The exploration of energy metabolism has been extended to small invertebrates through the acquisition of a metabolic measurement system: Calofly system (Sable Systems International) supported by the teams of Drs Serge Luquet and Hervé Tricoire. This facility consists of a set of 32 metabolic chambers connected to ultra-sensitive O2 and CO2 detectors to measure the oxygen consumption and carbon dioxide emission of a single fly over several days. Each cell is also equipped with activity detectors to correlate the animal’s circadian locomotor activity with its metabolic activity.
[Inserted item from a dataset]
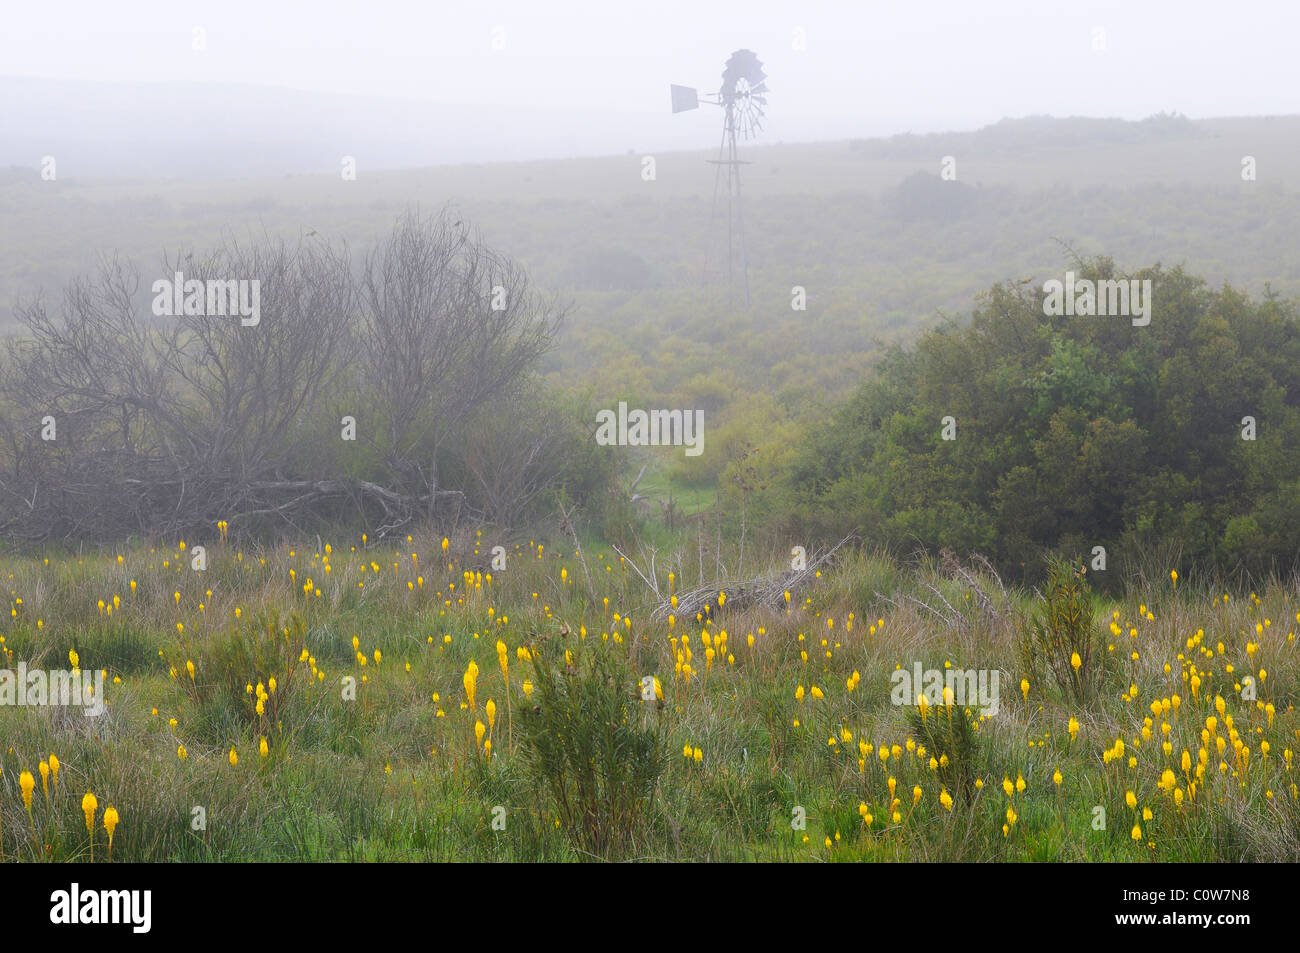 Bulbinella latifolia, rooikatstert, Bokkeveld plateau dans le brouillard, le Namaqualand, Afrique du Sud Banque D'Images

The FPE facility has processed two research contracts since its inception in 2009, one with a private company (KOT-CEPRODI) and the other with an academic laboratory (INSERM U872), and has been the cornerstone of multiple collaborative research projects both nationally and internationally. (INSERM U845, U855, U939, U837, Institut Cochin, Institut Jacques Monod, IRBHM Brussel, Belgium, Institut de Biomédecine de Valence, Spain).